When copying the data below, keep only the lines from the one with "image2 - コピー (6)" through the one with "混合條紋工字背連身裙和髮圈套裝, Blue Spell", word for word, and skip the pictures.

▸ Listed entries:
= Beginning of Section =
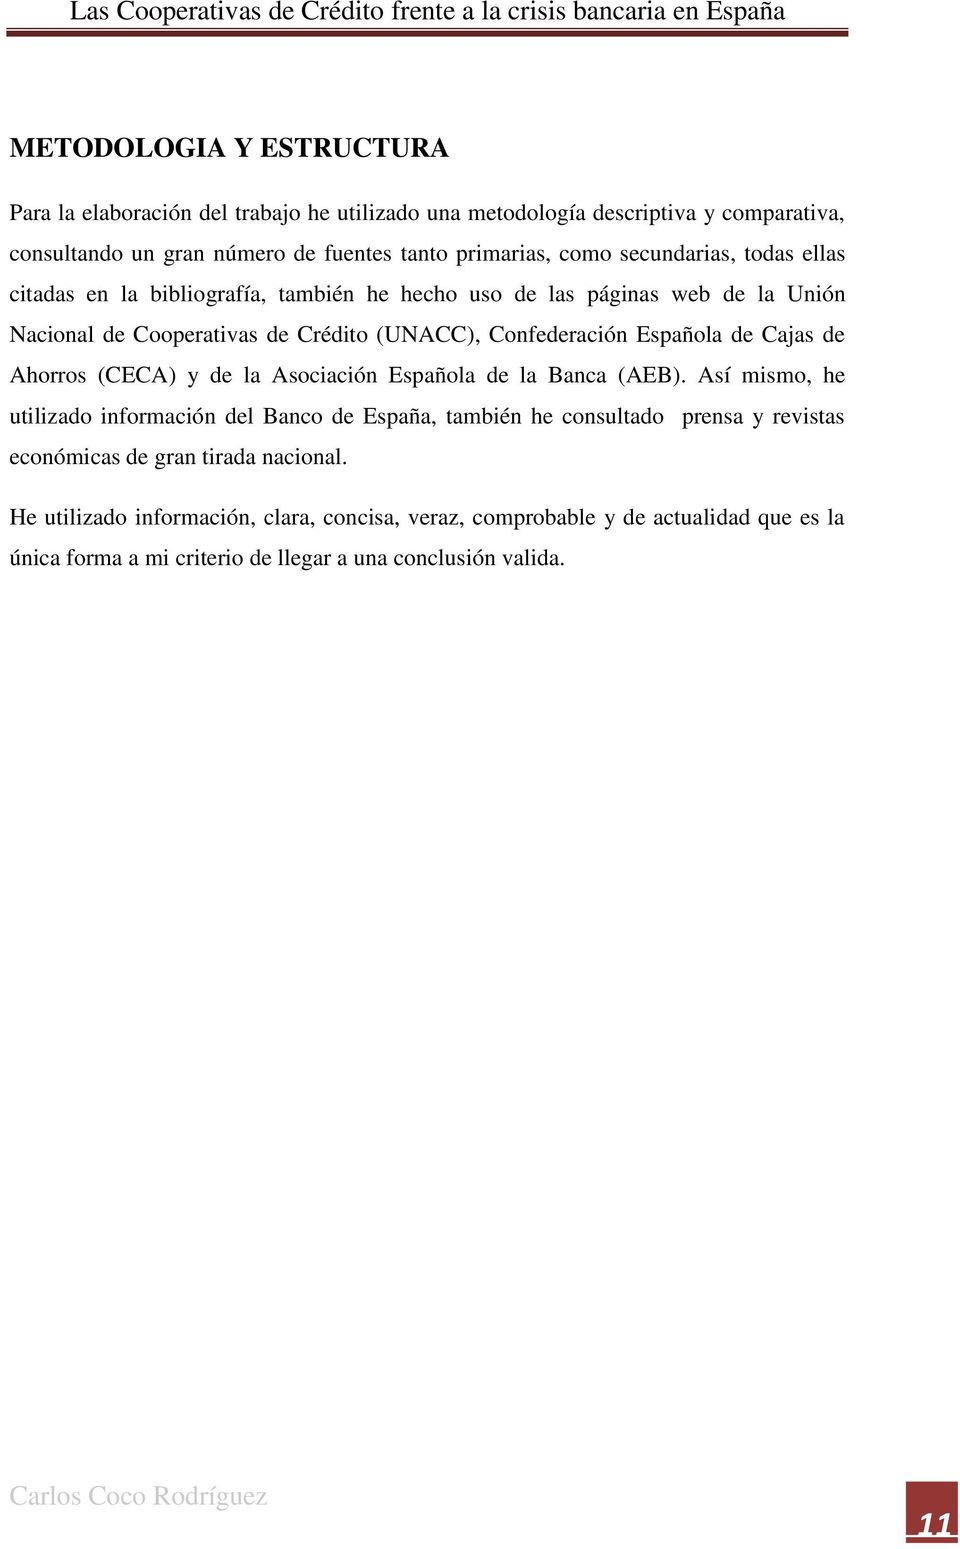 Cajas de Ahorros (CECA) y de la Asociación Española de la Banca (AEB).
= End of Section =
= Beginning of Section =
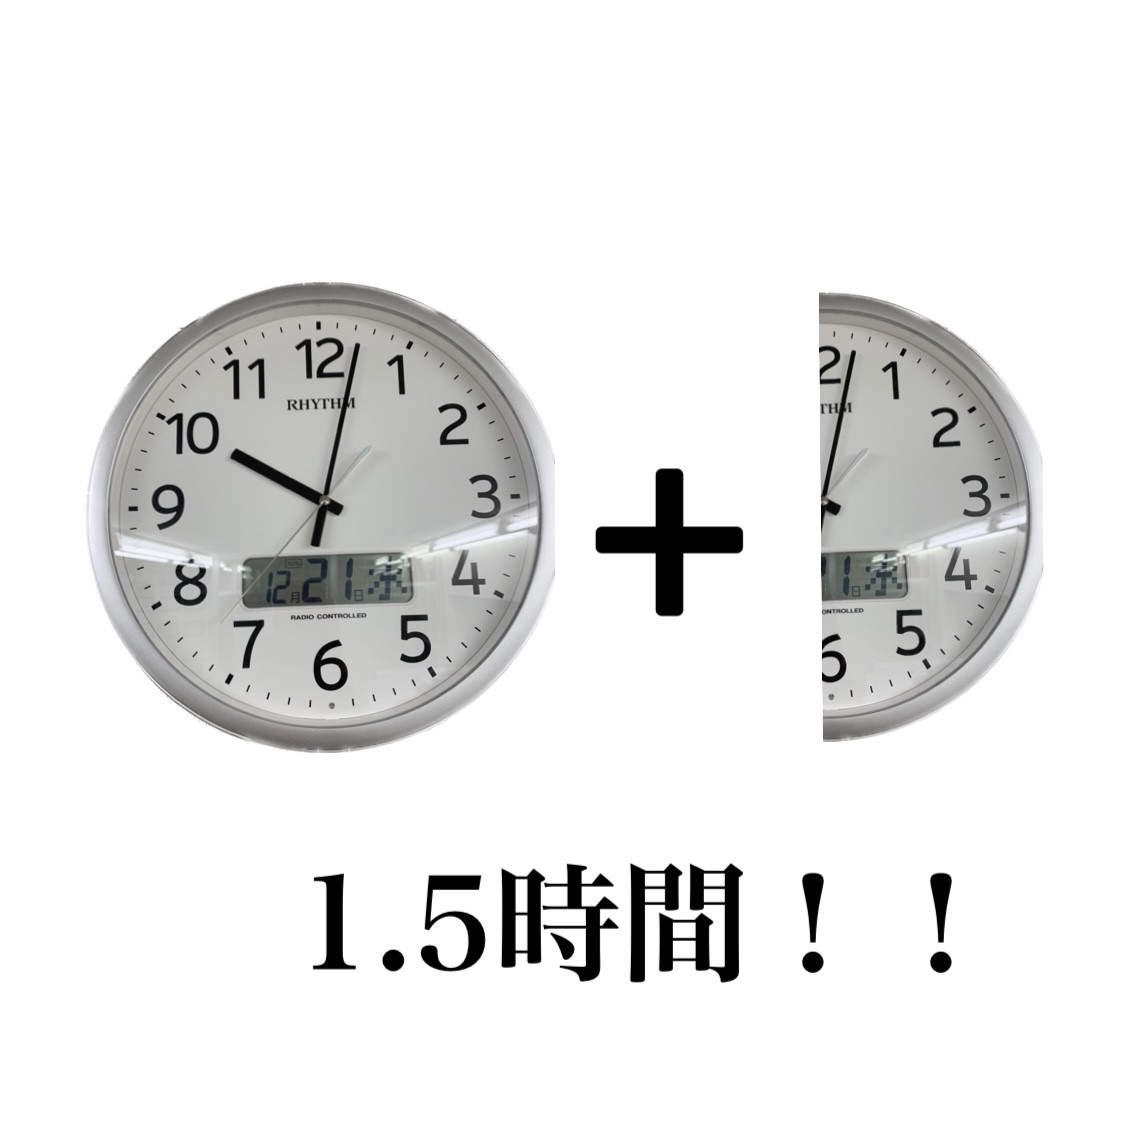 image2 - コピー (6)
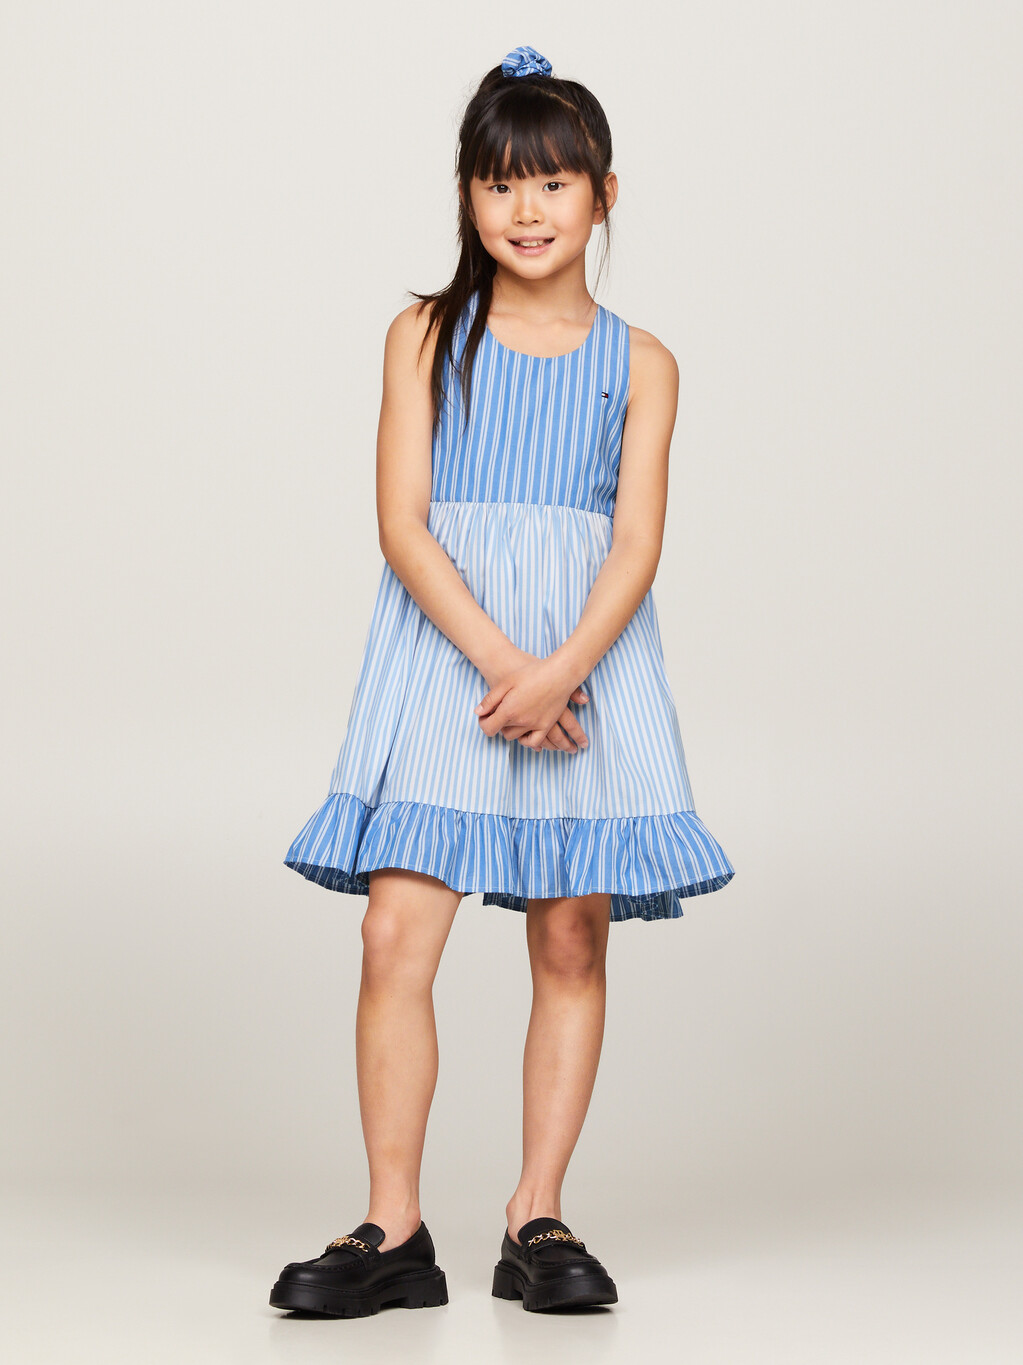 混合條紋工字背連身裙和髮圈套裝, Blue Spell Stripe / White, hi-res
= End of Section =
= Beginning of Section =
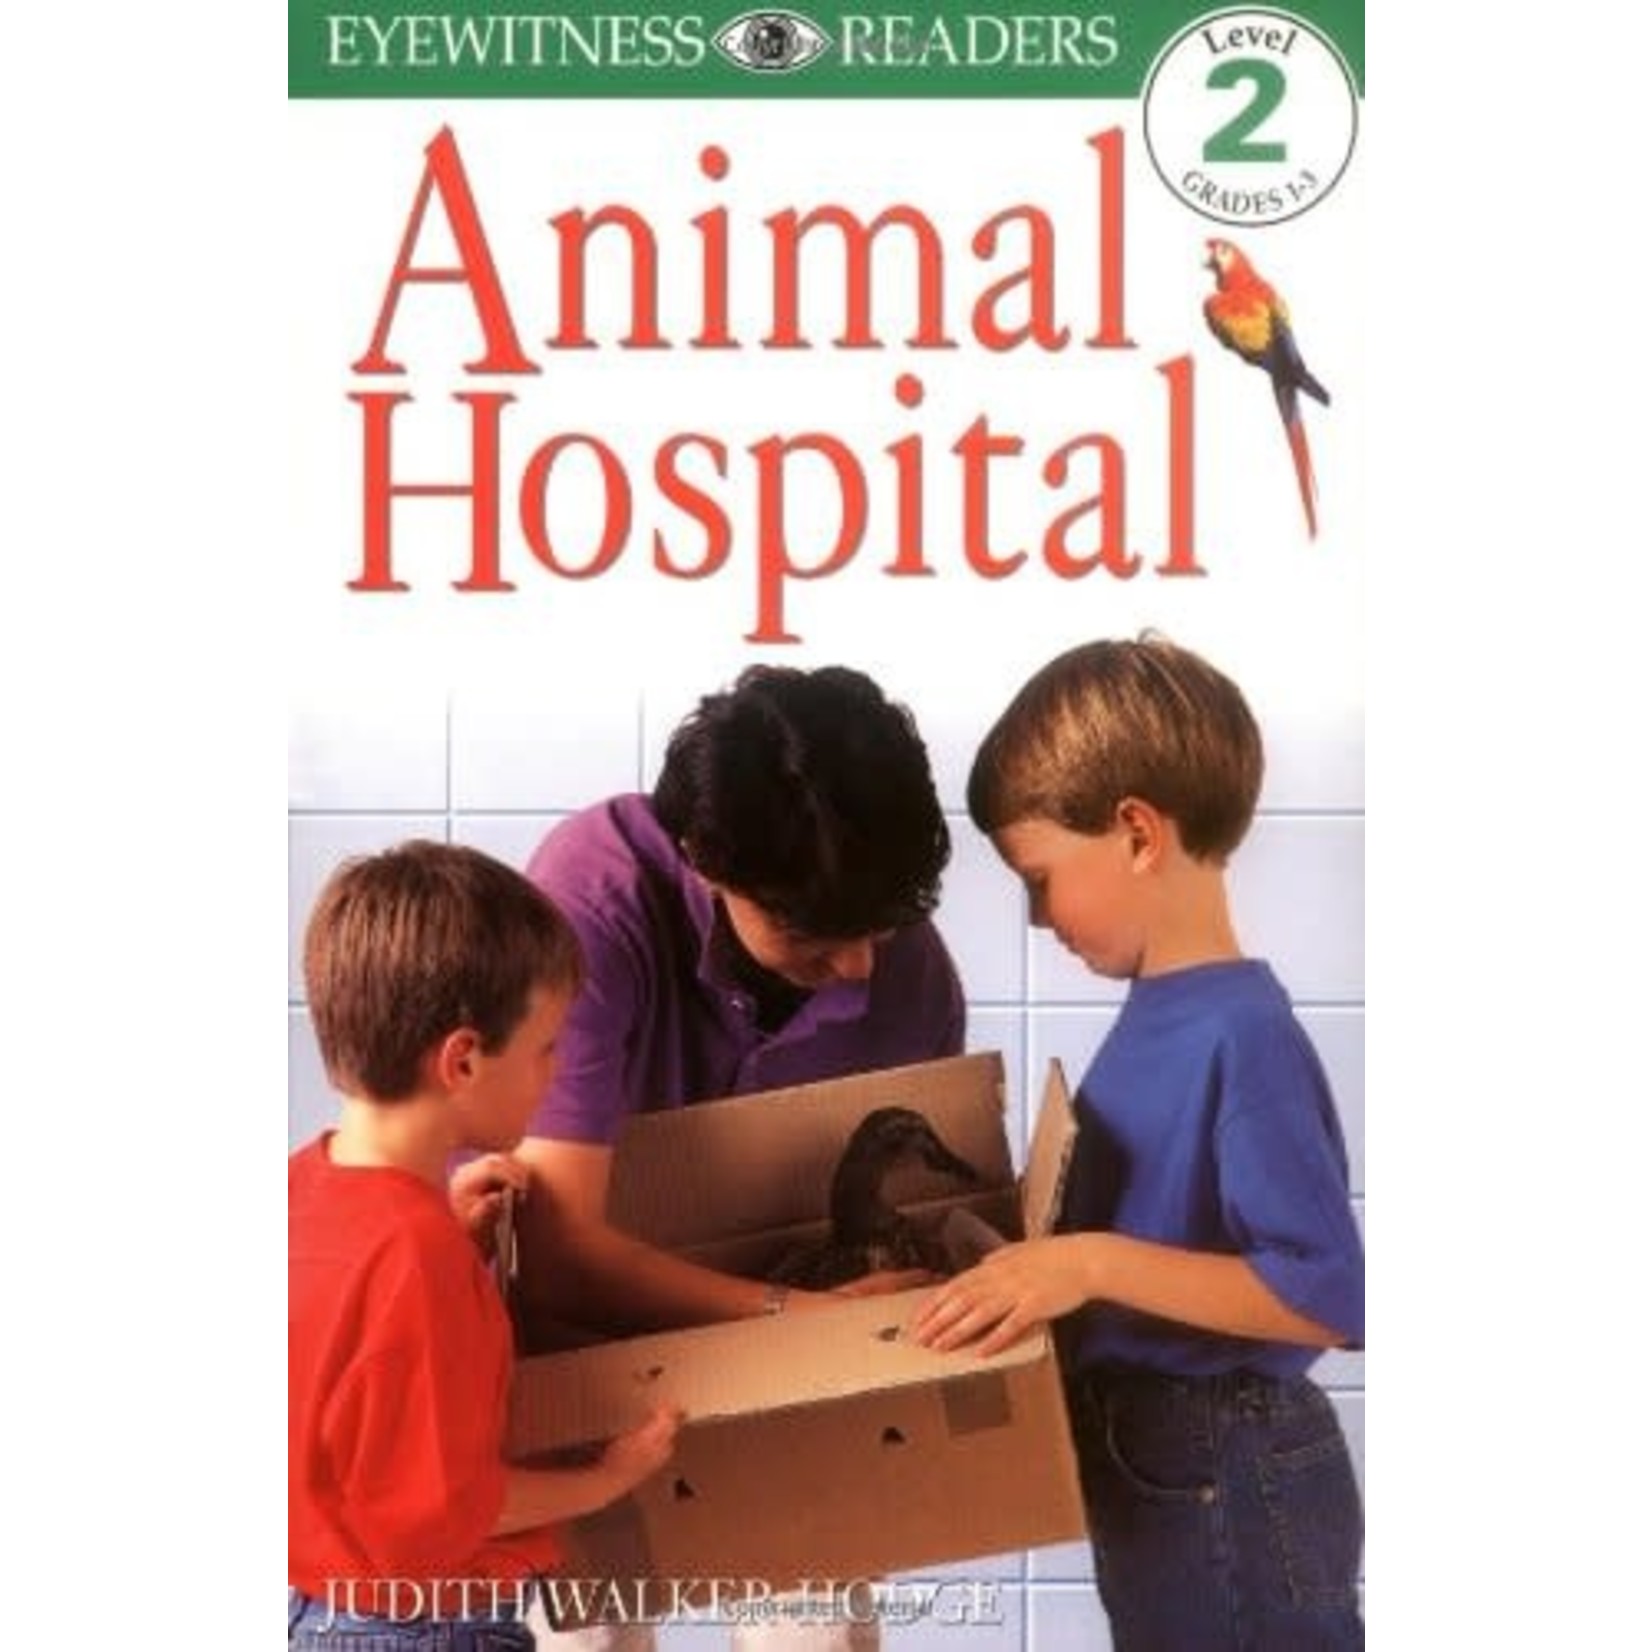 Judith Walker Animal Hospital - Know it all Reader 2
= End of Section =
▸ Output of the task:
 image2 - コピー (6)
 混合條紋工字背連身裙和髮圈套裝, Blue Spell Stripe / White, hi-res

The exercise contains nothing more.